The prevailing philosophy in Large Language Model (LLM) pretraining has largely been “more is better.” Models like GPT-4 and Llama-3 are trained on trillions of tokens derived from a massive, indiscriminate sweep of the internet. While this produces impressive general-purpose capabilities, it is exorbitantly expensive and computationally inefficient.

But what if you don’t need a model that knows everything about everything? What if you need a model that excels in a specific domain—like biomedical research or legal reasoning—without spending millions of dollars training on irrelevant web scrapes?

This brings us to the concept of Data Selection. The goal is to identify a subset of training data that is most valuable for your specific target task. However, existing methods face a dilemma: they are either too simple (like keyword matching) and introduce heavy bias, or they are too complex (requiring a whole other neural network to select data) and become computationally intractable.

In the paper Target-Aware Language Modeling via Granular Data Sampling, researchers from Meta AI, Virginia Tech, and Iowa State University propose a novel solution. They revisit a classic statistical technique—Importance Sampling—and supercharge it using Multi-Granular Tokenization. By analyzing text at the level of subwords, whole words, and multi-word phrases simultaneously, they demonstrate that we can train models on just ~1% of the original data while matching the performance of models trained on the full dataset.

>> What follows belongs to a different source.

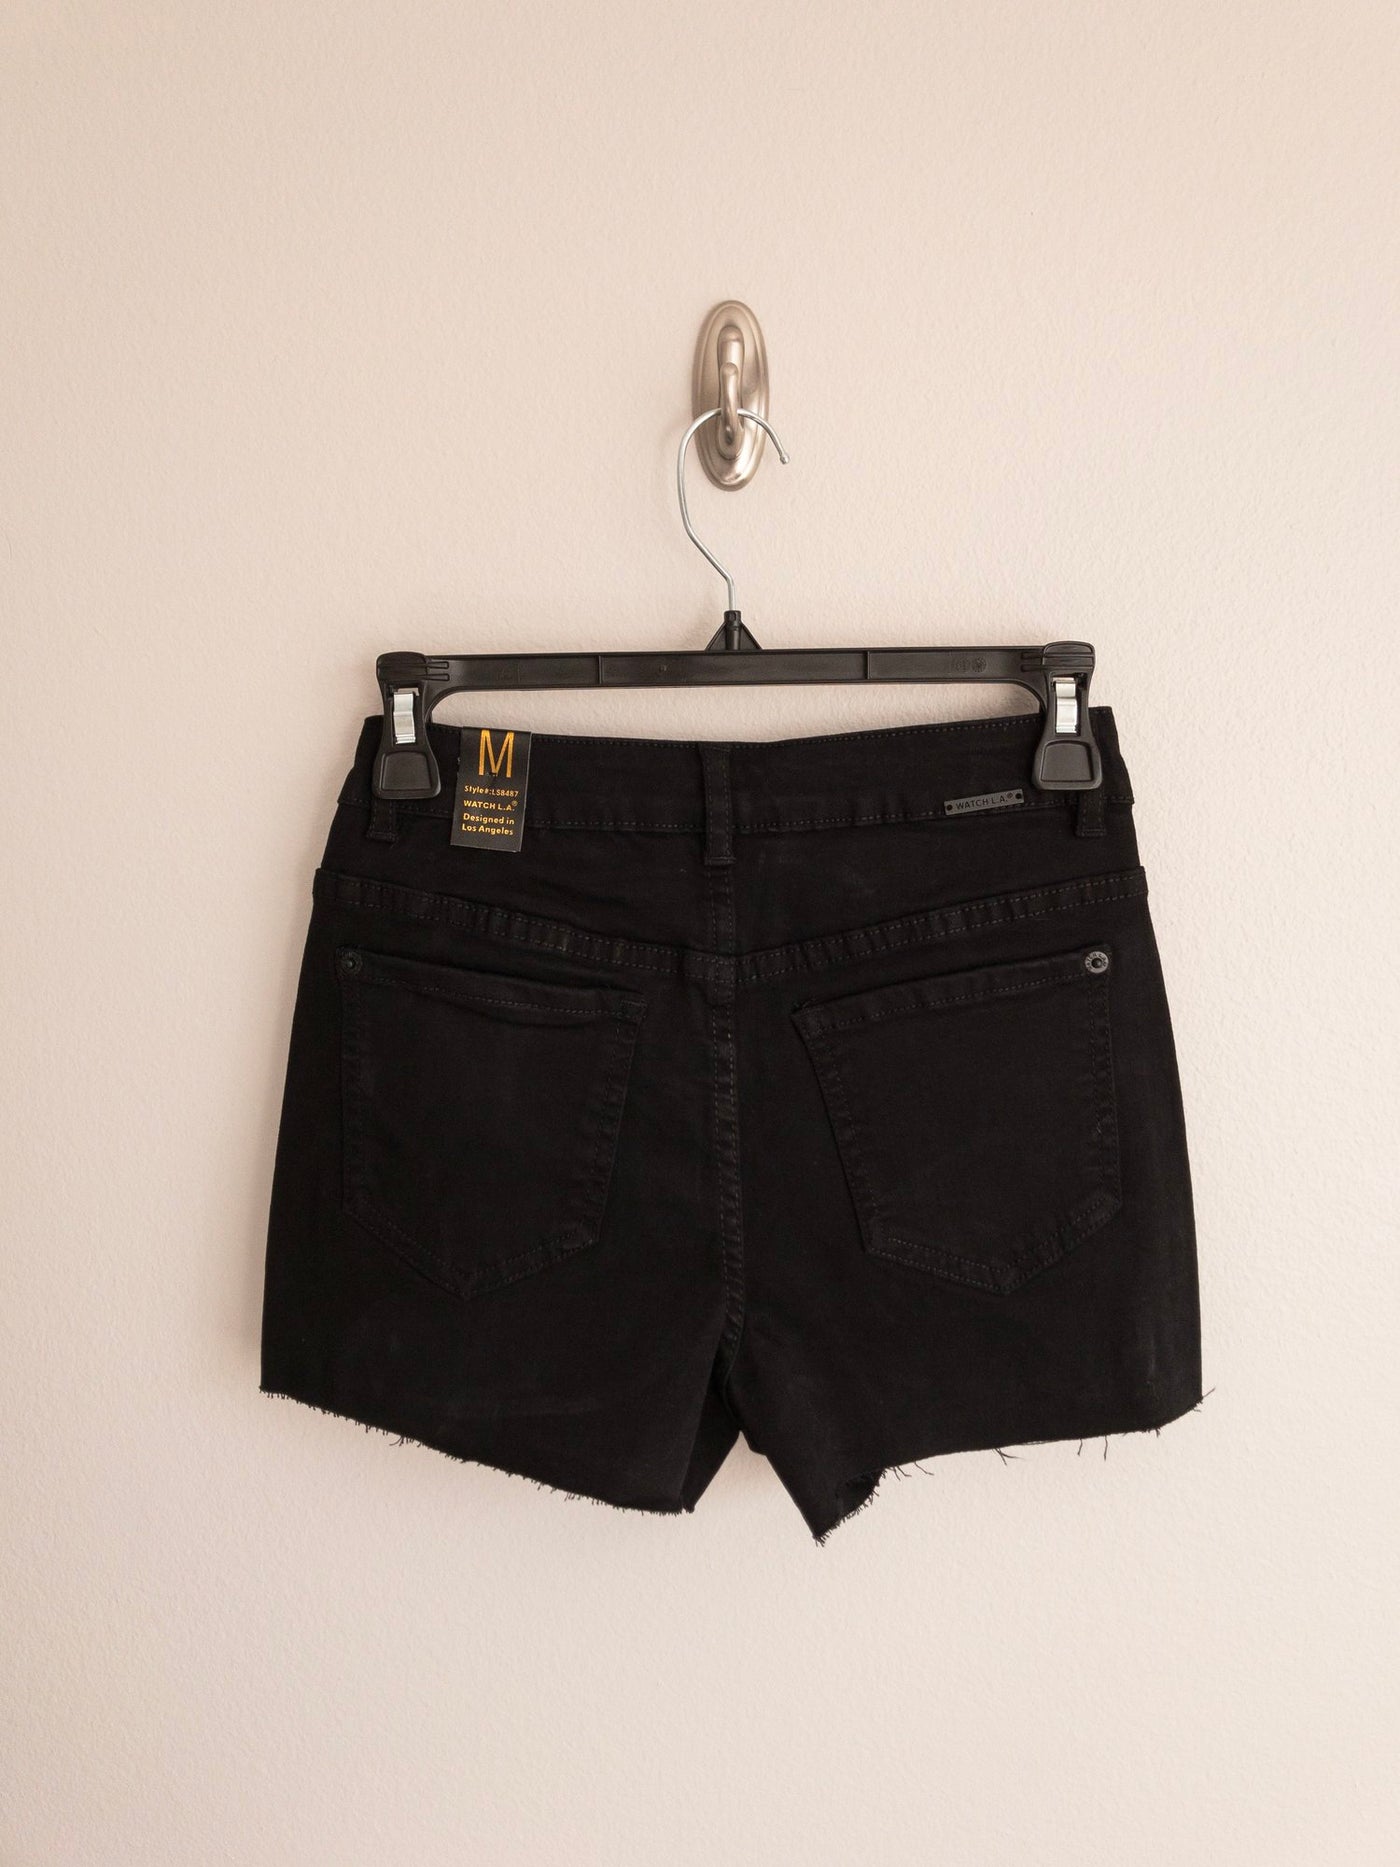 Staci Denim Shorts - Corinne an Affordable Women's Clothing Boutique in the US USA

Background: The Need for Coreset Selection

To understand the contribution of this paper, we first need to define Coreset Selection. In the context of machine learning, a “coreset” is a small, weighted subset of the original dataset. The idea is that if you train a model on this coreset, it should yield a model approximation close to one trained on the entire dataset.

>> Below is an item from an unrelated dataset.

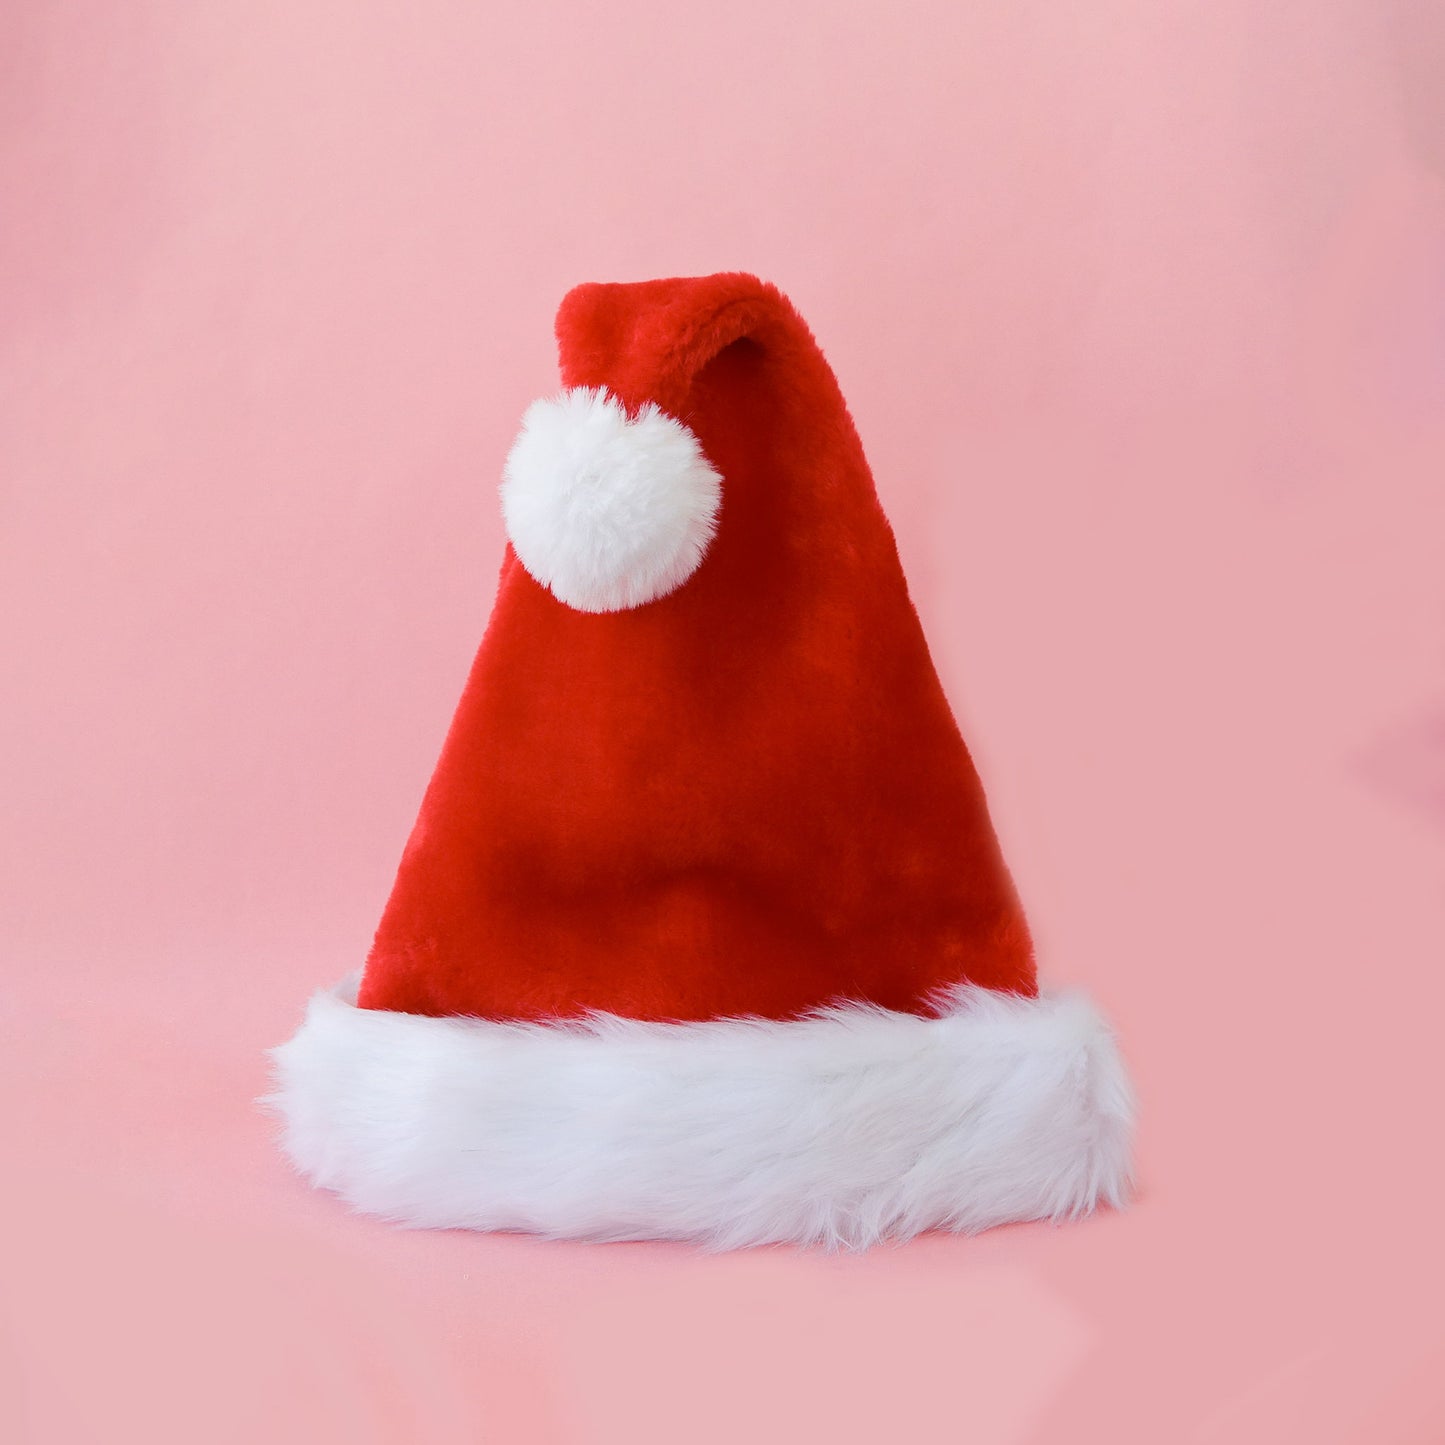 On a pink background is a red Santa hat with white accents and faux fur.

Selecting this subset usually involves comparing two distributions:

  1. The Raw Distribution (\(q\)): The massive, uncurated pool of data (e.g., RefinedWeb, CommonCrawl).
  2. The Target Distribution (\(p\)): A smaller, high-quality dataset representing what you actually want the model to learn (e.g., specific reasoning tasks or domain-specific texts).

The Importance Sampling Approach

A statistically sound way to select this data is Importance Sampling. We assign a weight (\(w_i\)) to every document in the raw dataset. This weight represents how “important” that document is for our target task. Mathematically, this is the ratio of the probability of seeing the document in the target distribution versus the raw distribution:

\[w_i = \frac{p(z_i)}{q(z_i)}\]

If a document looks very similar to our target (\(p\) is high) but is rare in the raw data (\(q\) is low), it gets a high weight.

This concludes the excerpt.